Sampling a uniform distribution of fixed size strings containing no forbidden substrings

Given a list of “forbidden” words (substrings), an alphabet, and a desired output string length, how would I efficiently sample output strings containing no forbidden word?

For short output strings with few forbidden words, I would use simple rejection sampling.
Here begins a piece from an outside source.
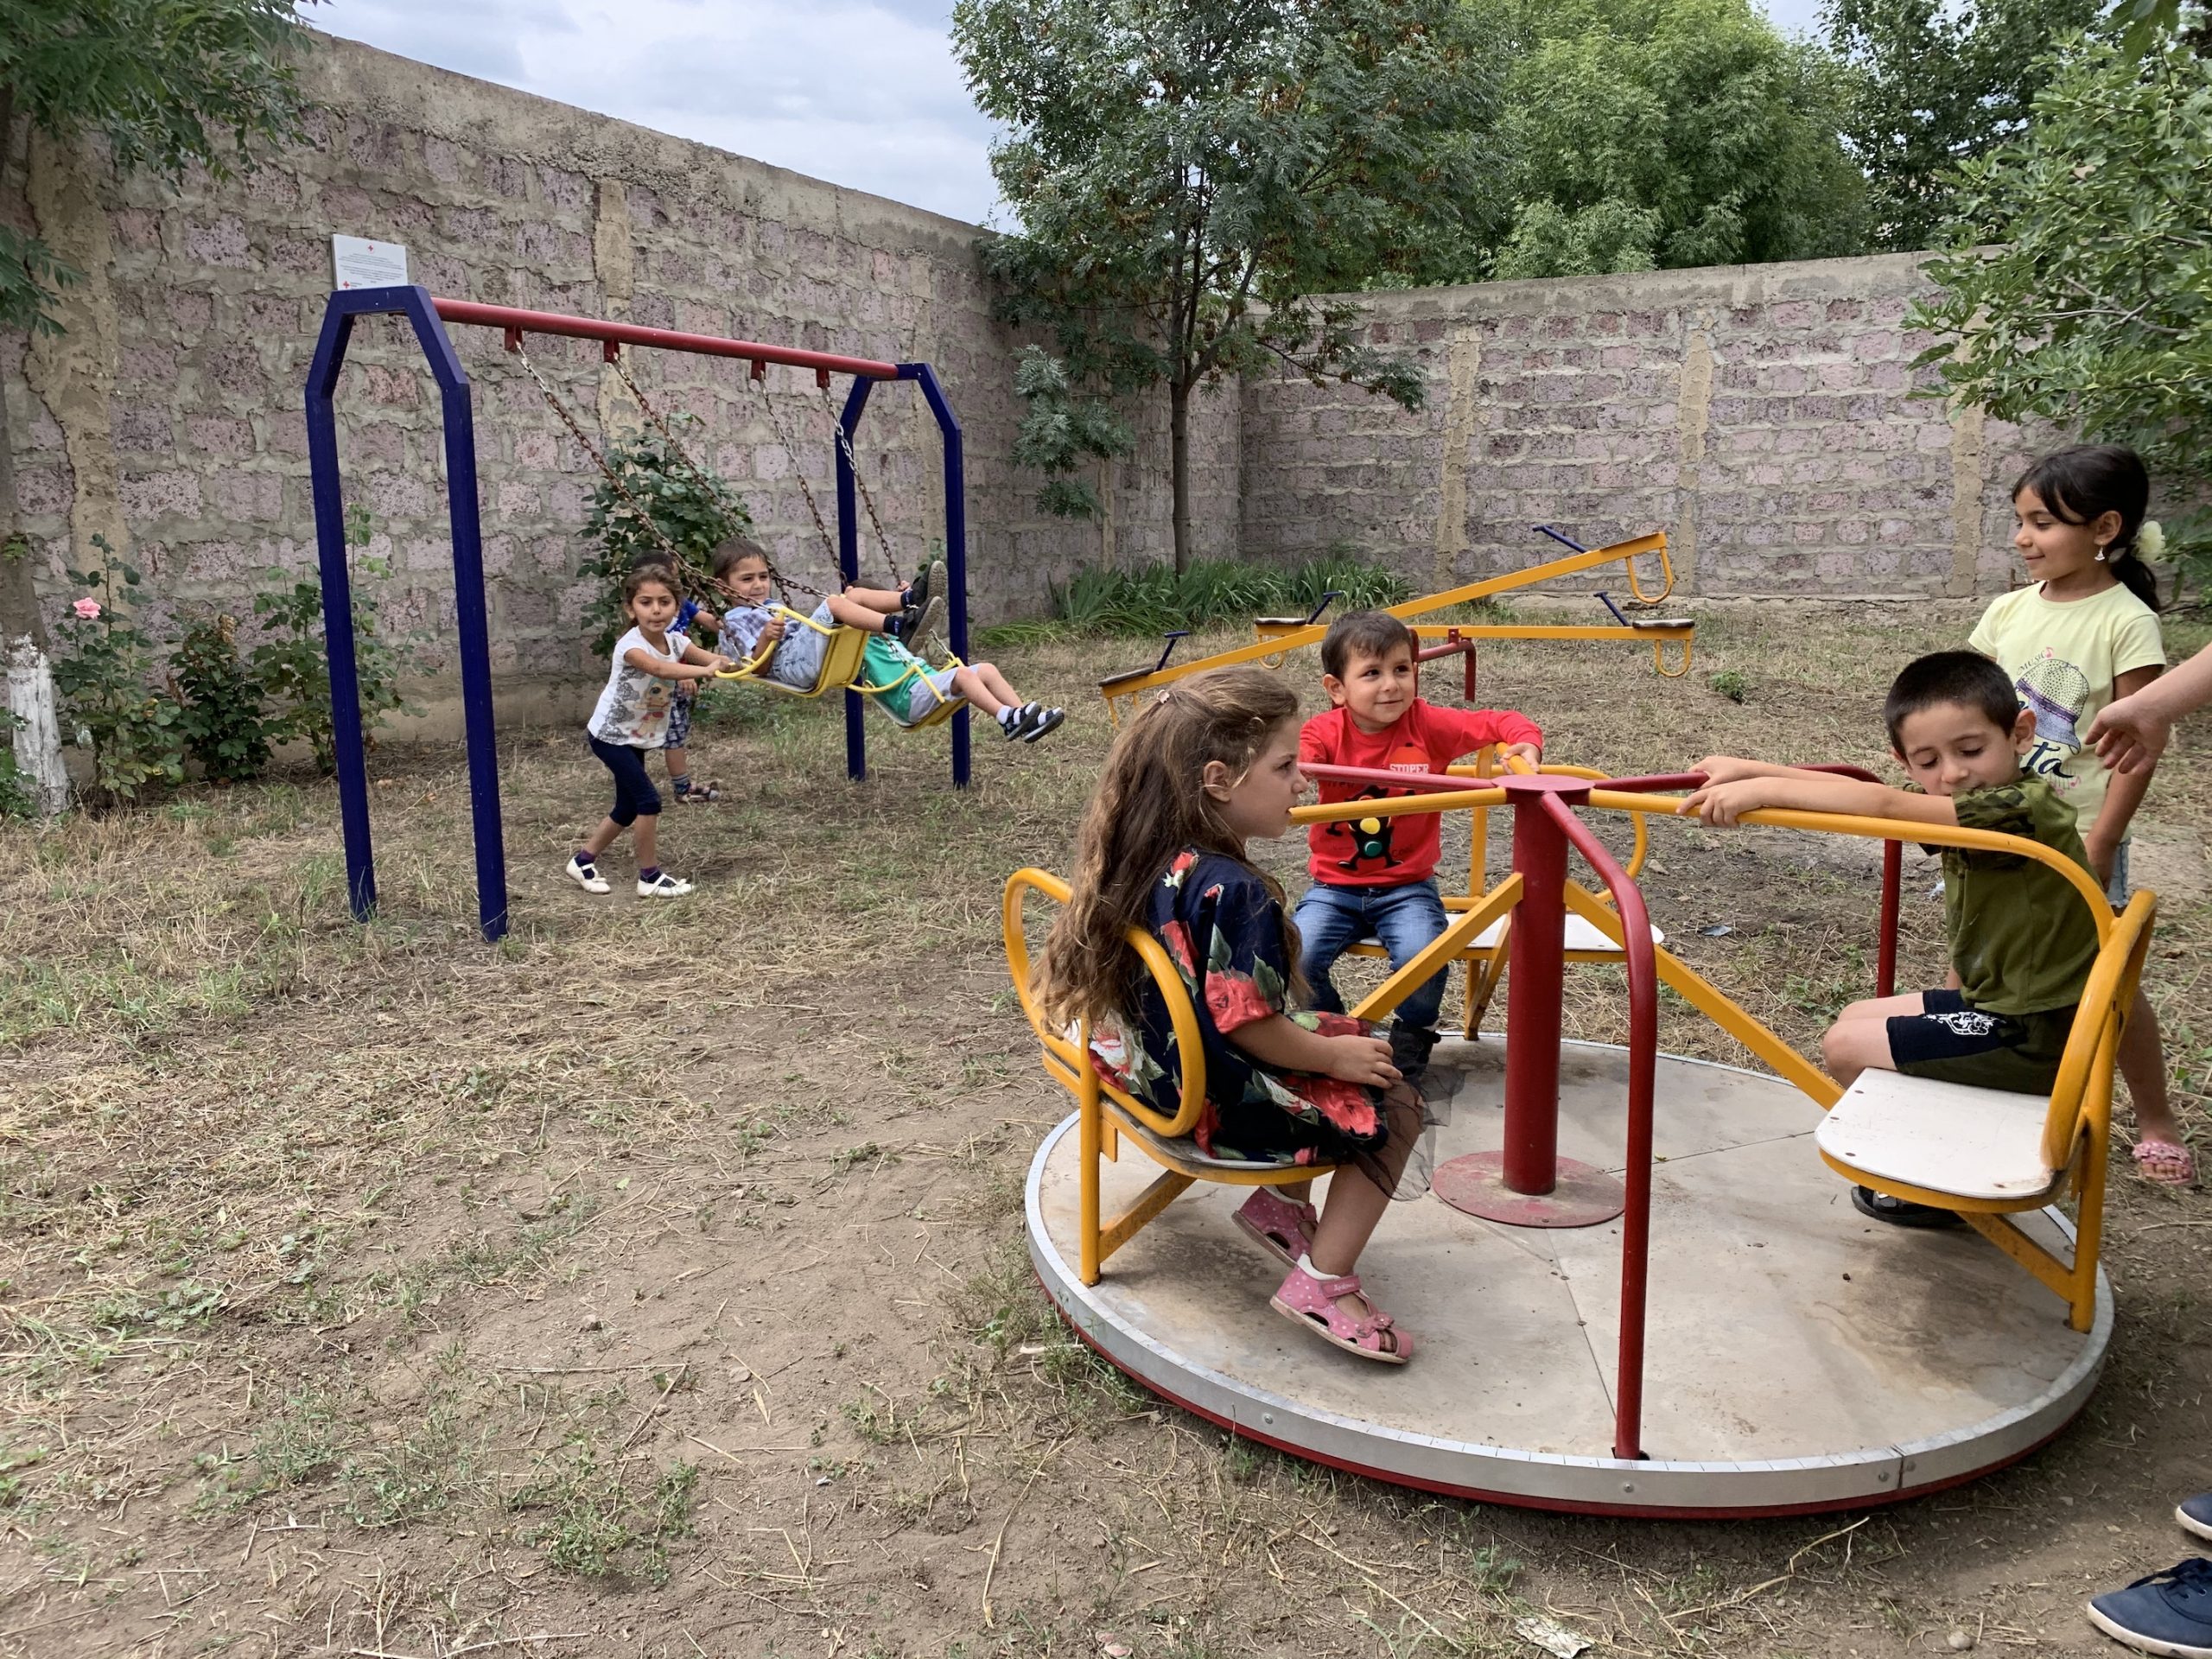 Playing peacefully at the Aygepar Kindergarten playground

Pick a string (uniformly) with the specified alphabet and length, return that string if it contains no element of the forbidden list, try again otherwise.

If I use that algorithm for output lengths several times larger than the typical forbidden word, then the probability of rejection will be higher. (Most words are 2 or 3 characters long.)

Assume the requested output length is too long to enumerate and store every possible value. My alphabet size would be 16 to 36 characters, but solutions to large alphabets would be interesting to think about. (In which case I would call these things random sentences, forbidden n-grams, and dictionary words.)

My forbidden word list will have one hundred to one thousand strings. I would like to avoid solutions requiring expensive precomputation or lots of memory.

My first idea was to try to build a random string incrementally, in contrast to the all-or-nothing approach of straightforward rejection sampling. I doubt that my algorithm produces each possible output with equal probability.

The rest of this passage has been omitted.